Live album by Herbie Hancock
- Released: September 21, 1974
- Recorded: July 29, 1974
- Venue: Tokyo Kōsei Nenkin Kaikan concert hall, Shinjuku, Tokyo
- Genre: Jazz; jazz fusion;
- Length: 40:38
- Label: CBS/Sony
- Producer: David Rubinson

Herbie Hancock chronology
| Head Hunters (1973) | Dedication (1974) | Thrust (1974) |

= Dedication (Herbie Hancock album) =

Dedication is the thirteenth album by American jazz pianist Herbie Hancock.
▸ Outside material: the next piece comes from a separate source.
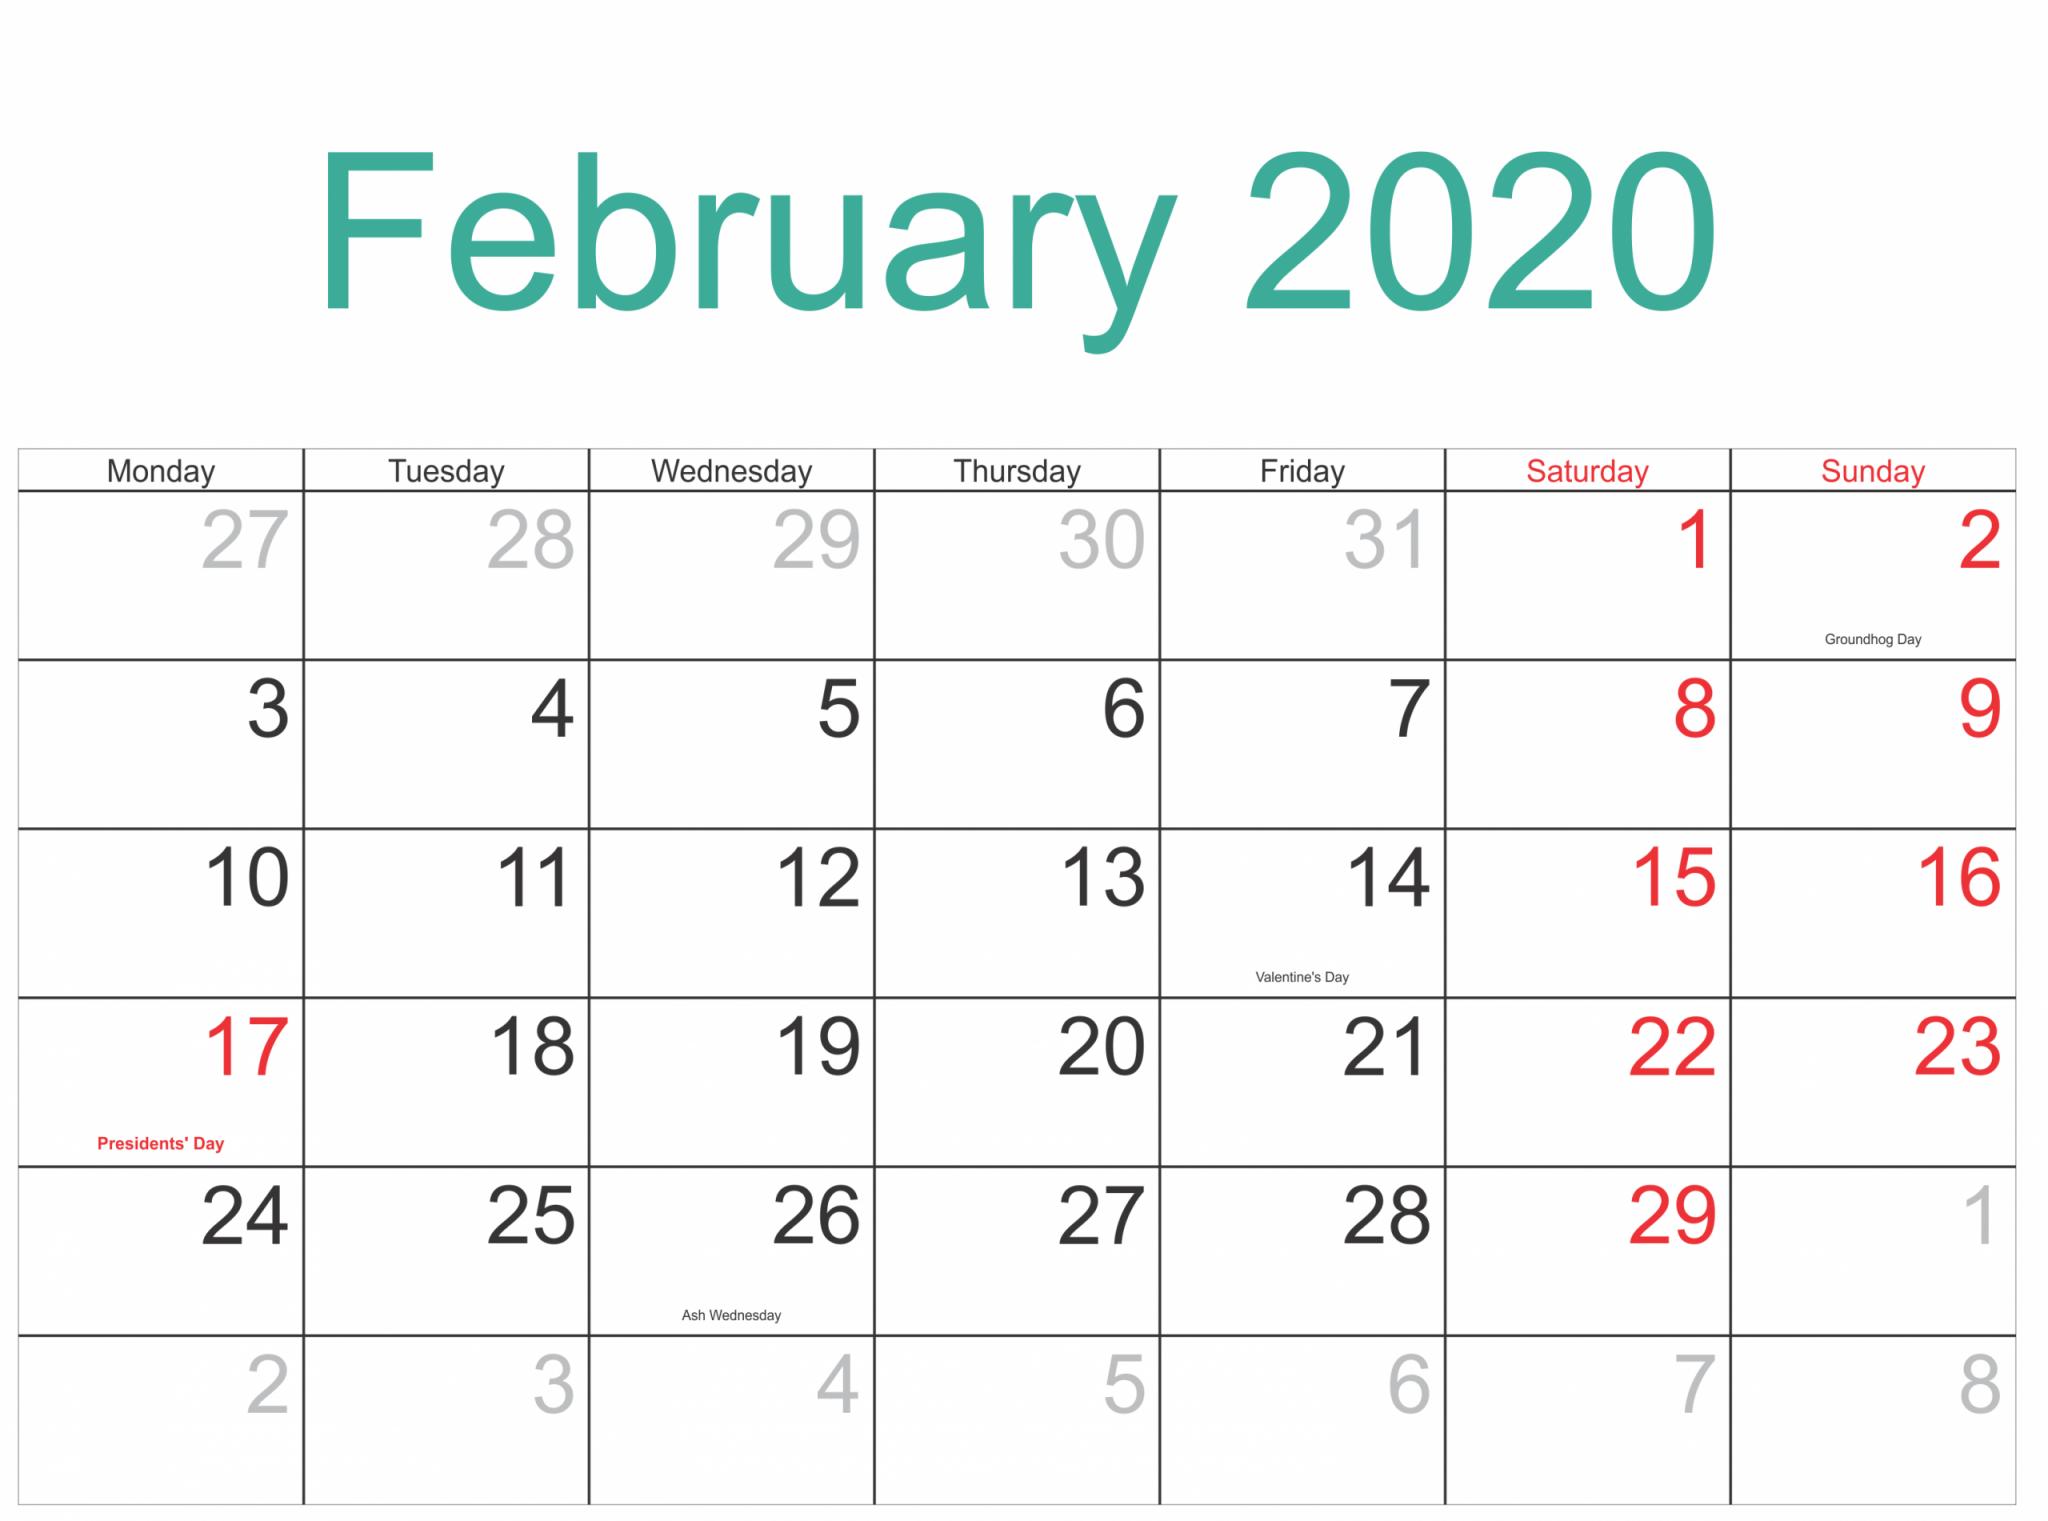 February 2020 US Holidays Template

It was recorded in Japan by Hancock alone in 1974 during a Japanese tour.

Professional ratings
Review scores
| Source | Rating |
| Allmusic | Star |

==Background==
Hancock performs "Maiden Voyage" and "Dolphin Dance" on piano, while "Nobu" and "Cantaloupe Island" were performed on electric keyboards and synthesizers.

First released on LP by the Japanese CBS/Sony on September 21, 1974, it was not released on CD outside Japan until 2013, first as part of the 34 disc box set The Complete Columbia Album Collection 1972–1988. It was given an individual reissue in 2014 by Wounded Bird Records.

==Track listing==
All compositions by Herbie Hancock.

| No. | Title | Length |
|---|---|---|
| 1. | "Maiden Voyage" | 7:44 |
| 2. | "Dolphin Dance" | 11:18 |
| 3. | "Nobu" | 7:39 |
| 4. | "Cantaloupe Island" | 13:57 |

==Personnel==
- Herbie Hancock - acoustic piano (#1–2), Fender Rhodes, ARP Pro Soloist, ARP Odyssey, ARP 2600, ARP String Ensemble (#3–4)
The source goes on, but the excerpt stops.